The laboratory at the University Hospital of Leuven is the NRC for invasive isolates of Streptococcus pneumoniae bacteria. The IPD dataset was limited to those isolates obtained from normally sterile sites, in adults aged 50 years or older, between 1 July 2009 and 30 June 2011.

Sentinel laboratories network

Streptococcus pneumoniae and Bordetella pertussis were two of the 36 pathogens for which surveillance was organised through a sentinel network of laboratories [31]. The surveillance started in 1983 and consisted of both hospital laboratories and private laboratories. The network was coordinated by the Institute of Public Health. The IPD dataset was limited to those isolates obtained from normally sterile sites, in adults aged 50 years or older, between 1 July 2009 and 30 June 2011. The pertussis dataset consisted of all cases detected in 2014.

Mandatory notification

Notification of confirmed pertussis cases was mandatory in all three Belgian regions. Notification was coordinated by the regional public health agencies. Physicians and laboratories were obliged to notify cases, but notification was suspected to be incomplete. The pertussis dataset consisted of all cases notified in 2014.

Estimators

Five different methods were used in the simulation study. The same methods were used for the estimation of the pertussis and IPD population. The methods have been used previously in epidemiological capture-recapture studies. We selected loglinear modelling, (conditional) multinomial likelihood, the non-parametric estimators; Burnham’s jackknife and Chao’s sample coverage and direct modelling of the underlying dependency structure with the Bayesian software WinBUGS (Table 1). A short description of the used estimators is given in S1 Appendix.

Table 1. Overview of the different estimators, their framework, reference to the literature, the software used and model selection by two approaches (1. Goodness of fit, 2. Assumptions on underlying dependency structure).

Framework	Method	Literature	Software	Model selection
Likelihood	Loglinear	Fienberg et al. [16]	R—Rcapture	1. Lowest AIC 2. Interaction terms ~ underlying structure
Likelihood	Multinomial	Huggins et al., Alho et al. [18,19]	Mark, R—Rmark	1. Lowest AIC 2. Design matrix ~ underlying structure
Non-parametric	Sample Coverage	Chao et al. [33]	R—SPECIES	1. No model selection
Non-parametric	Jackknife	Burnham et al. [34]	R—SPECIES	1. No model selection
Bayesian	Bayesian	Jones et al. [6]	R—R2WinBUGS Winbugs	2. Directly modelled ~ underlying structure

Open in a new tab

Model selection and model building

We took two different approaches to select or build a model.
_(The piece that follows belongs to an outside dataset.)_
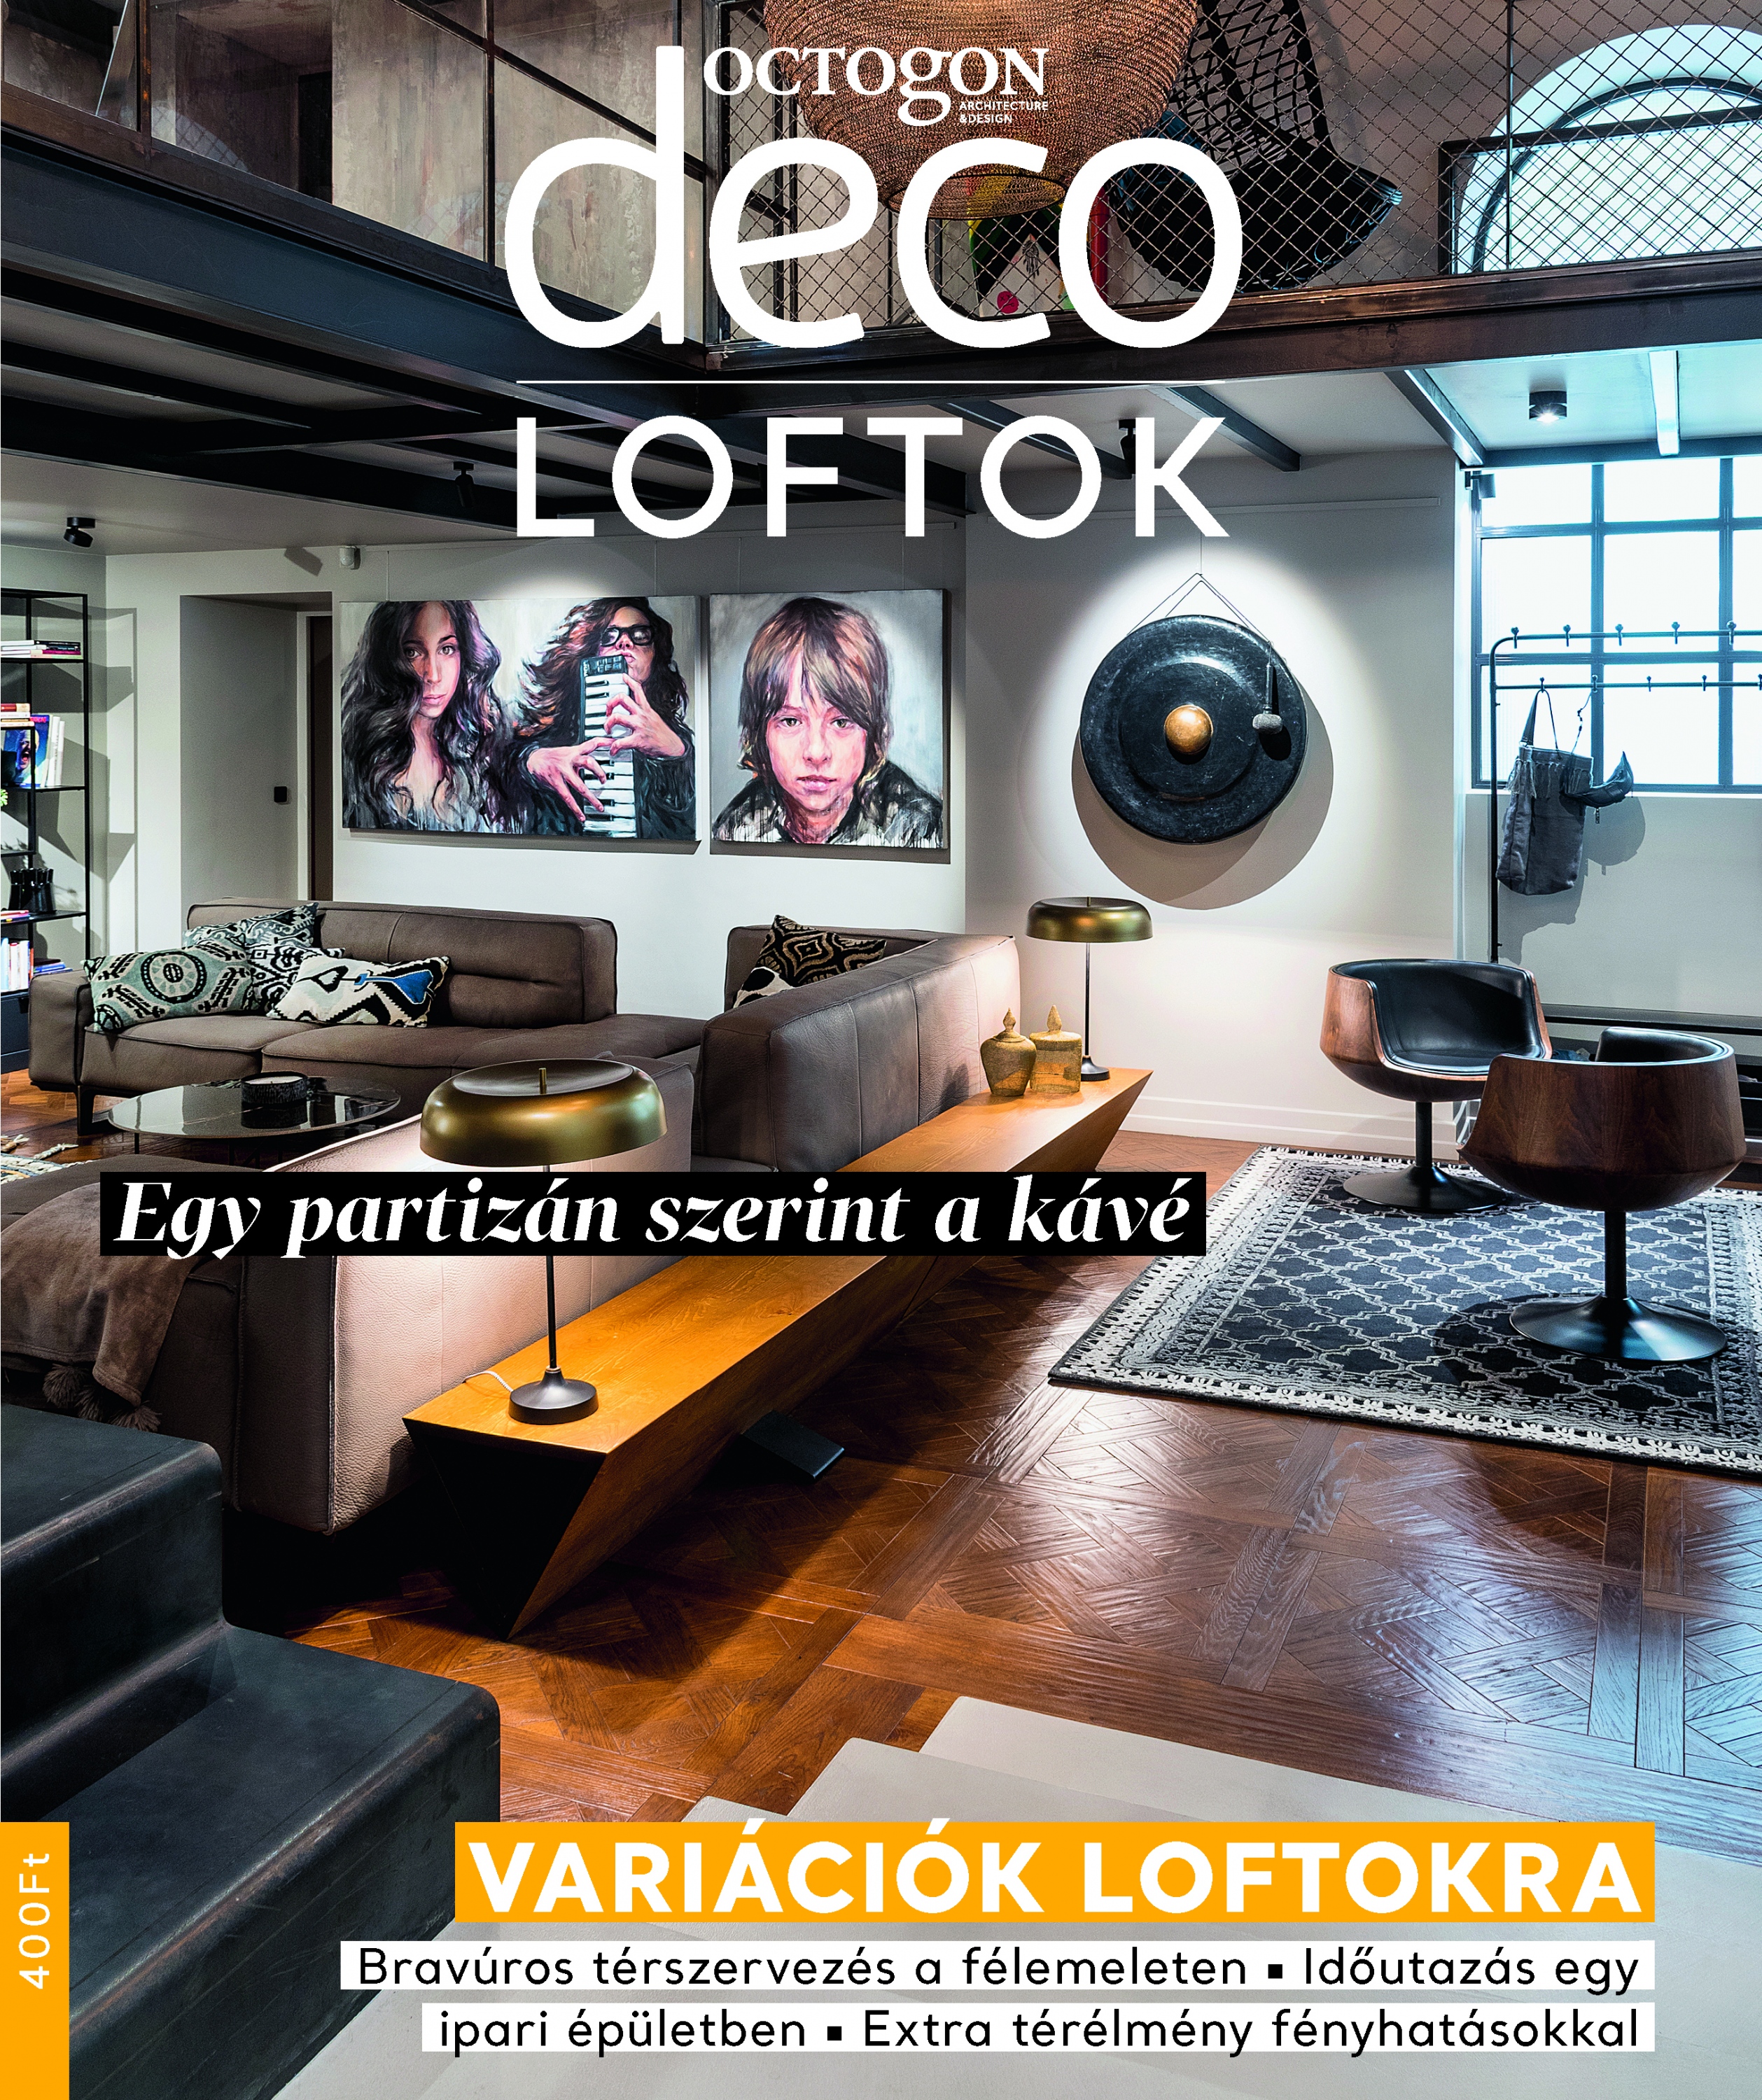 Az Octogon Deco Magazin külön melléklettel készült a S/ALON Budapest kiállításra, fókuszban a loftlakásokkal.
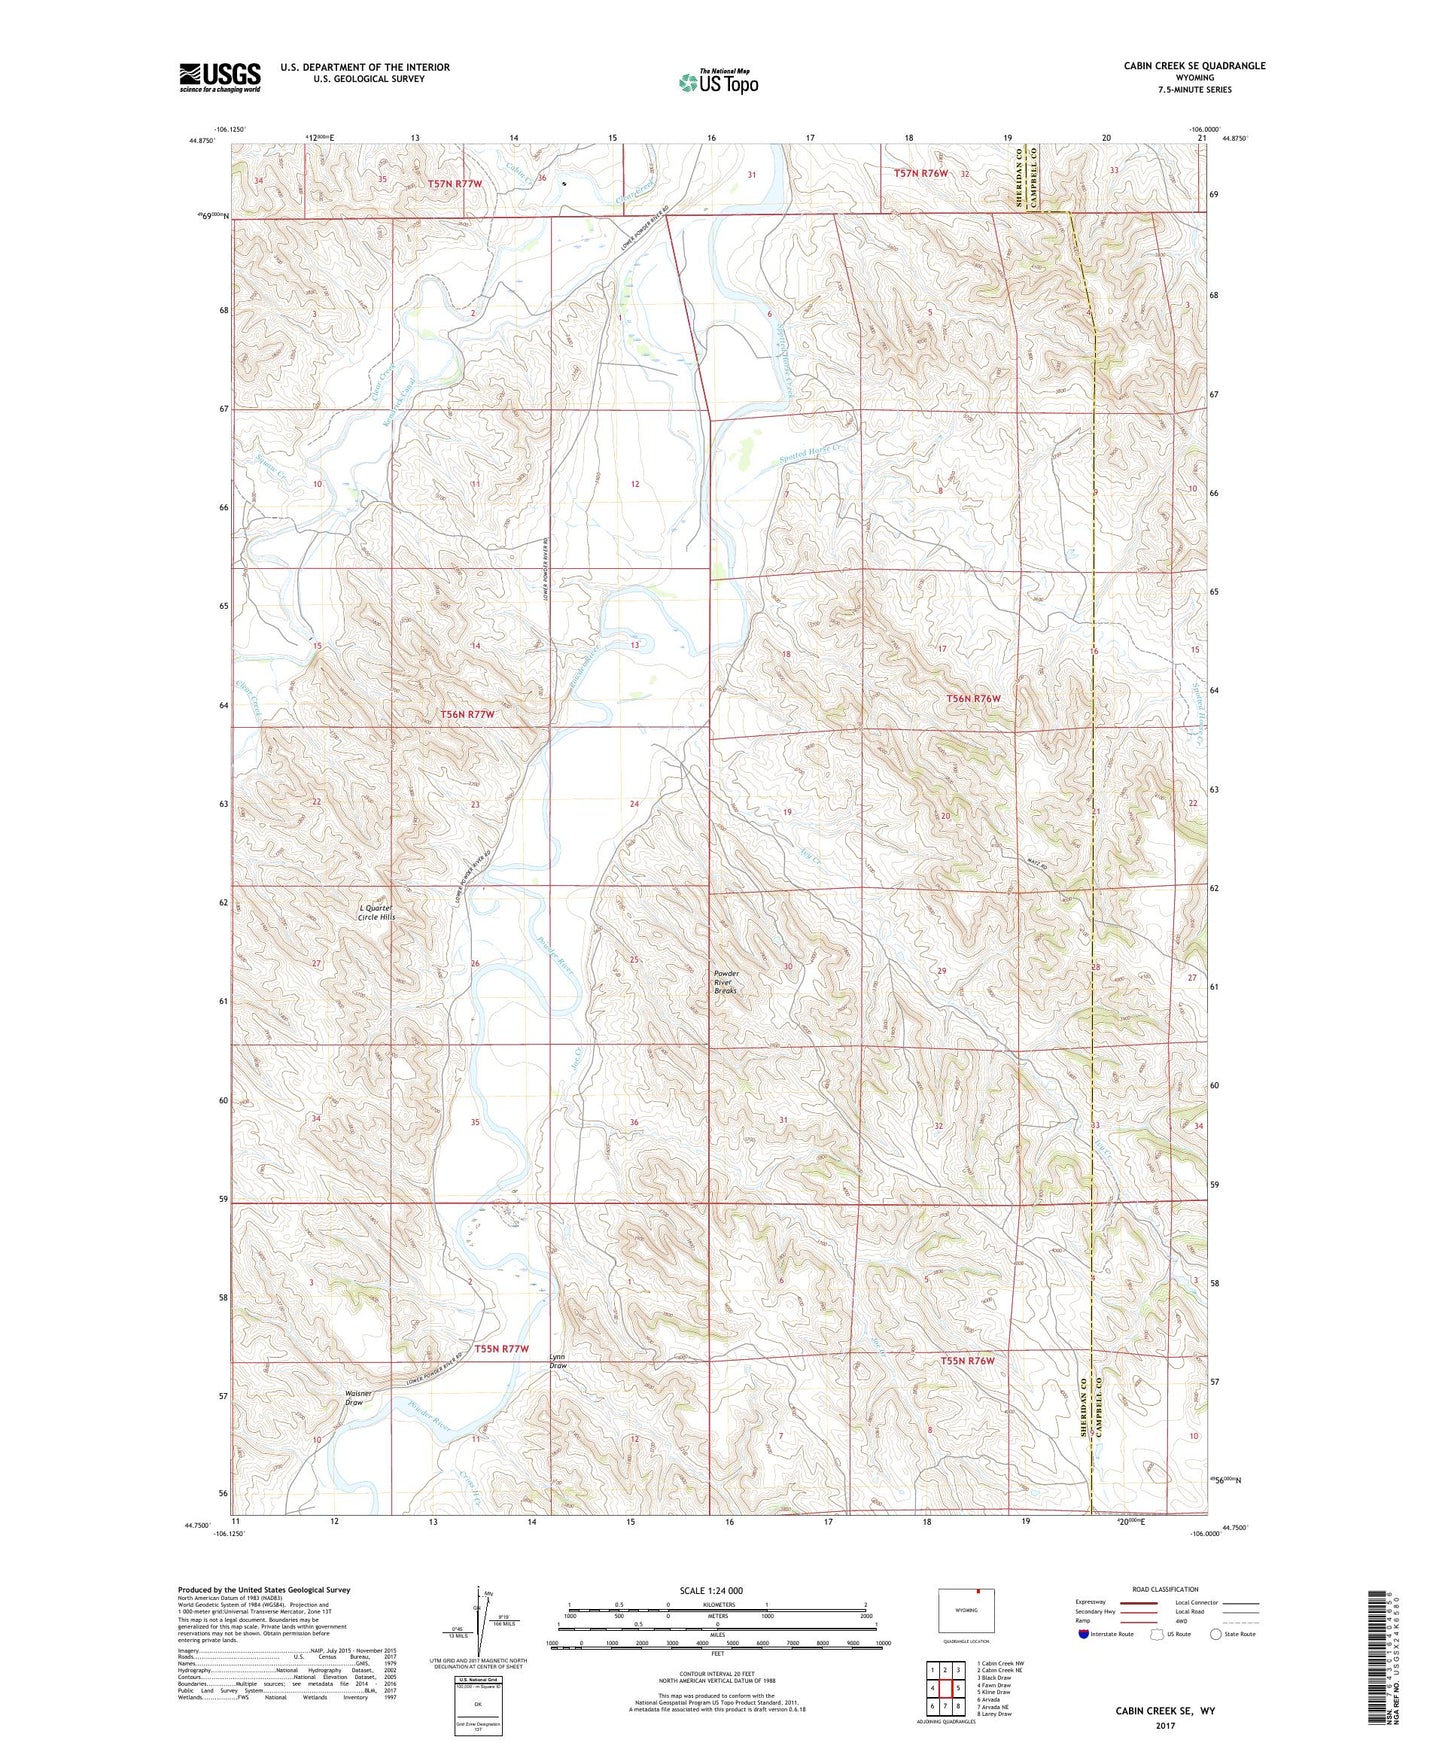 Cabin Creek SE Wyoming US Topo Map Image

With the first approach, assumptions on the underlying dependency structure were unnecessary; model selection was based on the goodness of fit. We selected the model with the lowest average AIC over the simulation runs by comparing boxplots. With the second approach, we tried to build or select the model that approximated the underlying dependency structure closest. The assumed underlying dependency structure was based on expert opinions for the real datasets and study design for the simulation study. Both approaches were possible with the multinomial and log-linear estimator. The two non-parametric estimators, for which there was no model selection, were reported together with the models selected by AIC (Table 2). The underlying dependency structure was approximated within log-linear models by adding interaction coefficients to those samples that were assumed dependent. Within multinomial models the design matrix was manually defined, so detection probabilities conditional on previous detection could be estimated. Finally within the Bayesian models the approach suggested by Jones et al. in which interactions and referrals are directly modelled, was taken [6]. Only the models where variance components could be estimated, were considered. For the Bayesian models convergence was assessed by the BGR-diagnostic, trace plots and the MC error [32].

Table 2. Models selected by AIC.

For log-linear models a selection was made out of all hierarchical models. For the multinomial models a selection was made out of all possible models, including those with probabilities conditional on covariates and mixtures. p₁ = p(sentinel), p₂ = p(hospital), p₃ = p(NRC), distance in meters, age in days. (*) parameters for the age and distance covariates were not estimable.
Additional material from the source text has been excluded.